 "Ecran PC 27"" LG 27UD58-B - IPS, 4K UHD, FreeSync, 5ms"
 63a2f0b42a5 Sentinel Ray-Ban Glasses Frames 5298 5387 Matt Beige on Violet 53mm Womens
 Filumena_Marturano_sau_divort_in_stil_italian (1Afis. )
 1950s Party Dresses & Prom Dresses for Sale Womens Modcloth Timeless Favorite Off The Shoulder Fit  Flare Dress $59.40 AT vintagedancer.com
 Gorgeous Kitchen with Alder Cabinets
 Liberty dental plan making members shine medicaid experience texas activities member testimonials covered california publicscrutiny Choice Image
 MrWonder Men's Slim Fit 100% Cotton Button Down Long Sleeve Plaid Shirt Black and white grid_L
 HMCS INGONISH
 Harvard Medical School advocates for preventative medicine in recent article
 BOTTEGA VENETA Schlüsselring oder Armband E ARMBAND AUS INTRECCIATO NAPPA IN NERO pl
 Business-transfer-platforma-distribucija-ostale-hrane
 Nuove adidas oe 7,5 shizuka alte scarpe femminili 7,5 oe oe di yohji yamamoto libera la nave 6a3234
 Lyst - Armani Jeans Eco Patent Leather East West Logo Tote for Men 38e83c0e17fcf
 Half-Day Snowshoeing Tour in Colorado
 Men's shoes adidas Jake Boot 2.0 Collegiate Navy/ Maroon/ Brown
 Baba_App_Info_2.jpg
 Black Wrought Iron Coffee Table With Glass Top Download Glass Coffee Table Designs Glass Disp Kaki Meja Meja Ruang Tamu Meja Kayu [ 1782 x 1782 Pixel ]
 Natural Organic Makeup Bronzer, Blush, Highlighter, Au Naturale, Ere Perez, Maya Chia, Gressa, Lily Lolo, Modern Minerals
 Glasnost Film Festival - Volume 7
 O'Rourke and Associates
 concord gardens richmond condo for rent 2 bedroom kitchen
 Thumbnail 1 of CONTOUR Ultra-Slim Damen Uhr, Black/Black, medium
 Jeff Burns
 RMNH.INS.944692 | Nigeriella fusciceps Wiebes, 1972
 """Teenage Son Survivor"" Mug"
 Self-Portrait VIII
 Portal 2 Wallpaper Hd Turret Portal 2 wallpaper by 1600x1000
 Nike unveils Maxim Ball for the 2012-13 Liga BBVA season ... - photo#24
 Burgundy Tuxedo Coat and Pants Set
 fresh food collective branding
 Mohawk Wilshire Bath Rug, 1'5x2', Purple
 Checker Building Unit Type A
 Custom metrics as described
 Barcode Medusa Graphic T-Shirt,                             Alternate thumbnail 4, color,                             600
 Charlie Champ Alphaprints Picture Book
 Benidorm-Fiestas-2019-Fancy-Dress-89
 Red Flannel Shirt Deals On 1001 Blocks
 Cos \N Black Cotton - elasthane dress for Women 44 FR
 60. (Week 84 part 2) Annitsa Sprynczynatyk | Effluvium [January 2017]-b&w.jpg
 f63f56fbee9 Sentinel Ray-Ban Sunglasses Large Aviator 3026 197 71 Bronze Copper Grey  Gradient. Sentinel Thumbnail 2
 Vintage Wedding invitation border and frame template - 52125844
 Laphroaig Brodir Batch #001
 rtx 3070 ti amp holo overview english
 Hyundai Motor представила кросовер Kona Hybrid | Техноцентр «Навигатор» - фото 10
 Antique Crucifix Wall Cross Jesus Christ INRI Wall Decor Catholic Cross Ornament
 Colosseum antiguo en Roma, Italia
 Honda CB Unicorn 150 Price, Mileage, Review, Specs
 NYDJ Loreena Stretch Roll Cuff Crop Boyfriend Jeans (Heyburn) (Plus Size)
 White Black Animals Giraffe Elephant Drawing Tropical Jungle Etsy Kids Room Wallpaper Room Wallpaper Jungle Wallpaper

▶ **Task item**
Output each line of the material above. Nothing should differ from the original.

▶ **Task answer**
 "Ecran PC 27"" LG 27UD58-B - IPS, 4K UHD, FreeSync, 5ms"
 63a2f0b42a5 Sentinel Ray-Ban Glasses Frames 5298 5387 Matt Beige on Violet 53mm Womens
 Filumena_Marturano_sau_divort_in_stil_italian (1Afis. )
 1950s Party Dresses & Prom Dresses for Sale Womens Modcloth Timeless Favorite Off The Shoulder Fit  Flare Dress $59.40 AT vintagedancer.com
 Gorgeous Kitchen with Alder Cabinets
 Liberty dental plan making members shine medicaid experience texas activities member testimonials covered california publicscrutiny Choice Image
 MrWonder Men's Slim Fit 100% Cotton Button Down Long Sleeve Plaid Shirt Black and white grid_L
 HMCS INGONISH
 Harvard Medical School advocates for preventative medicine in recent article
 BOTTEGA VENETA Schlüsselring oder Armband E ARMBAND AUS INTRECCIATO NAPPA IN NERO pl
 Business-transfer-platforma-distribucija-ostale-hrane
 Nuove adidas oe 7,5 shizuka alte scarpe femminili 7,5 oe oe di yohji yamamoto libera la nave 6a3234
 Lyst - Armani Jeans Eco Patent Leather East West Logo Tote for Men 38e83c0e17fcf
 Half-Day Snowshoeing Tour in Colorado
 Men's shoes adidas Jake Boot 2.0 Collegiate Navy/ Maroon/ Brown
 Baba_App_Info_2.jpg
 Black Wrought Iron Coffee Table With Glass Top Download Glass Coffee Table Designs Glass Disp Kaki Meja Meja Ruang Tamu Meja Kayu [ 1782 x 1782 Pixel ]
 Natural Organic Makeup Bronzer, Blush, Highlighter, Au Naturale, Ere Perez, Maya Chia, Gressa, Lily Lolo, Modern Minerals
 Glasnost Film Festival - Volume 7
 O'Rourke and Associates
 concord gardens richmond condo for rent 2 bedroom kitchen
 Thumbnail 1 of CONTOUR Ultra-Slim Damen Uhr, Black/Black, medium
 Jeff Burns
 RMNH.INS.944692 | Nigeriella fusciceps Wiebes, 1972
 """Teenage Son Survivor"" Mug"
 Self-Portrait VIII
 Portal 2 Wallpaper Hd Turret Portal 2 wallpaper by 1600x1000
 Nike unveils Maxim Ball for the 2012-13 Liga BBVA season ... - photo#24
 Burgundy Tuxedo Coat and Pants Set
 fresh food collective branding
 Mohawk Wilshire Bath Rug, 1'5x2', Purple
 Checker Building Unit Type A
 Custom metrics as described
 Barcode Medusa Graphic T-Shirt,                             Alternate thumbnail 4, color,                             600
 Charlie Champ Alphaprints Picture Book
 Benidorm-Fiestas-2019-Fancy-Dress-89
 Red Flannel Shirt Deals On 1001 Blocks
 Cos \N Black Cotton - elasthane dress for Women 44 FR
 60. (Week 84 part 2) Annitsa Sprynczynatyk | Effluvium [January 2017]-b&w.jpg
 f63f56fbee9 Sentinel Ray-Ban Sunglasses Large Aviator 3026 197 71 Bronze Copper Grey  Gradient. Sentinel Thumbnail 2
 Vintage Wedding invitation border and frame template - 52125844
 Laphroaig Brodir Batch #001
 rtx 3070 ti amp holo overview english
 Hyundai Motor представила кросовер Kona Hybrid | Техноцентр «Навигатор» - фото 10
 Antique Crucifix Wall Cross Jesus Christ INRI Wall Decor Catholic Cross Ornament
 Colosseum antiguo en Roma, Italia
 Honda CB Unicorn 150 Price, Mileage, Review, Specs
 NYDJ Loreena Stretch Roll Cuff Crop Boyfriend Jeans (Heyburn) (Plus Size)
 White Black Animals Giraffe Elephant Drawing Tropical Jungle Etsy Kids Room Wallpaper Room Wallpaper Jungle Wallpaper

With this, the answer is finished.